- Gündem
- 06.05.2025 01:02
İzmir’de yaptıkları restorasyon çalışmalarıyla tarihi dokulara yeniden hayat veren Restorasyon Uzmanı İnşaat Mühendisi Umart Mimarlık sahibi Mahir Kaplan ve ekibi, her projede İzmir’in siluetine yeni bir renk katıyor
KENAN YEŞİL - ÖZEL HABER
İzmir’de ve yurt içinde hayata geçirdikleri bir birinden önemli projeler ile restorasyon alanında prestijli işlere imza atan Restorasyon Uzmanı İnşaat Mühendisi Umart Mimarlık sahibi Mahir Kaplan, hayata geçirdikleri projeleri anlatı. Restoretör olduklarını ve sadece restorasyon işleri yaptıklarını belirten Kaplan, ekibinin de bu alanda uzman olduğunu söyledi. 2007 yılından beri İzmir ve Ege Bölgesi başta olmak üzere Türkiye’nin belli başlı yerlerinde çok prestijli projelerde yer aldıklarına dikkat çeken Mahir Kaplan, “Umart Mimarlık olarak ana dalımız uygulama. Biz uygulama ile tanındık, uygulama ile bu işe başladık. 5 yıldır da proje ve müşavirlik birimimizi de belli bir noktaya getirdik. Gelen talepler üzerine Umart Mimarlık müşavirlik birimini geliştirdik. Piyasaya ve müşterilerimize artık bu hizmeti de verebiliyoruz. Bölgede yaptığımız bir sürü (şu ana kadar yapmış olduğumuz anıtsal yapılardan tutun da) prestijli projemiz var” dedi.

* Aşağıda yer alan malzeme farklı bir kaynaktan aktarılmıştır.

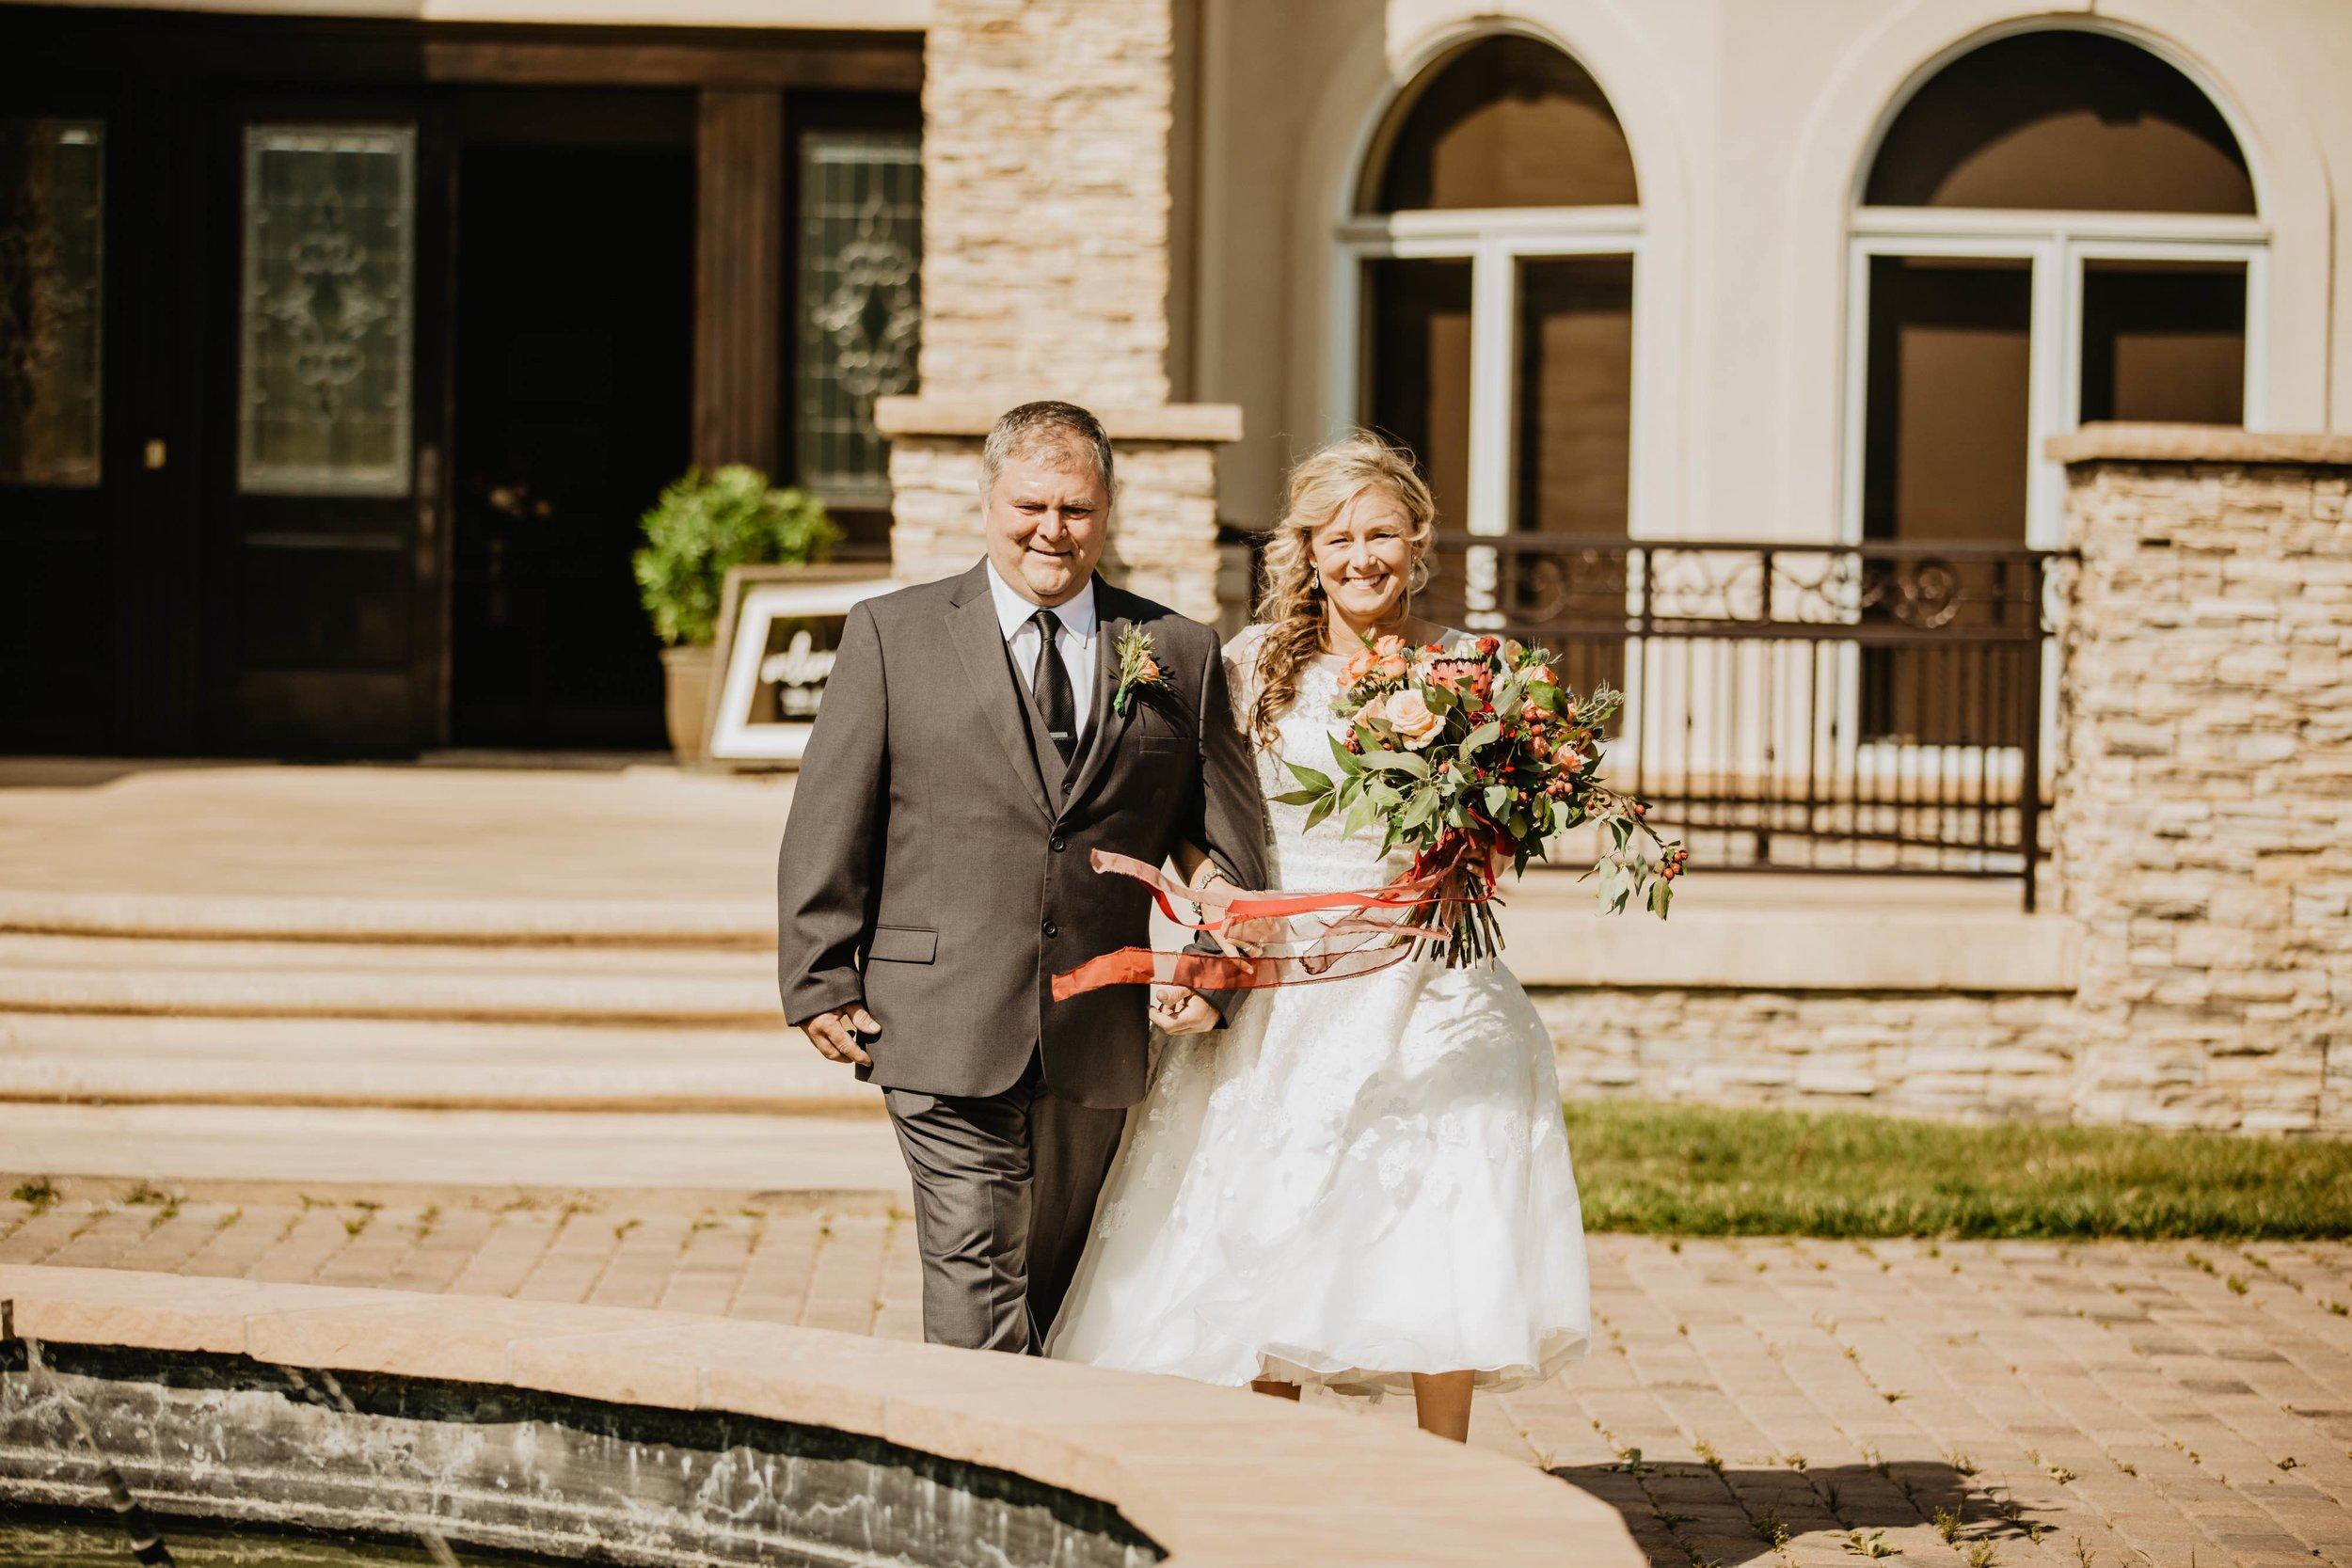 Kisa Conrad Favorites-0006-colorado-wedding-photographer-denver-springs-vail.jpeg

RESTORASYON BİZİM YAŞAM ŞEKLİMİZ
Korumacılık esasıyla restorasyon yaptıklarını anlatan Kaplan, “Bizim ilkemiz korumacılık, vicdan, sevmek, sahip çıkmak. Biz var olduğumuz sürece bu ilkelerimiz devam ettirmek istiyoruz. Kendimizi eğitmeye, ekibimizi eğitmeye, yeni bir şeyler öğrenmeye, donanımlarımızı artırmaya devam ediyoruz. Hem insan yatırımımıza hem de teknolojik yatırımımıza devam ediyoruz. Bilgi ve becerilerimizi paylaşmak için her türlü sosyal projeye katkı koyma çalışıyoruz. Birçok üniversiteden gelen genç arkadaşlarımız var. Onlara hem ofisimizde hem sahada staj gibi benzeri konularda faydalandırmaya çalışıyoruz. Restorasyon bizim bir yaşam şeklimiz” diye konuştu.
ÇOK FAZLA ESER VAR
Sahip çıkılması gereken çok daha fazla eserin olduğunu vurgulayan Kaplan, “Sahip çıkmakla birlikte bunların dönemsel olarak bakımlarını, rutin müdahalelerini yapmak gerekiyor. Bir eseri sadece dokunmak, ona müdahalede bulunmak yetmiyor. Rutin bakımları da yapılmalı. Öyle eserler var ki yüzyıllardır hiçbir şekilde kullanılmamış atıl durumda. Bunları tekrar eski enerjine kazandırmak, geçmişin mirasını ayağa kaldırmak için yaşatmak da sahip çıkmak da gerekiyor. Çünkü çevre kirliliği, trafik yükü, jeopolitik altyapı değişikliği, hava kirliliği, mevsim değişikliği bunlar eskiden bu kadar fazla değildi. 20 yılda bir yapılan işlemler şimdi 2 yılda bir yapılıyor” şeklinde konuştu.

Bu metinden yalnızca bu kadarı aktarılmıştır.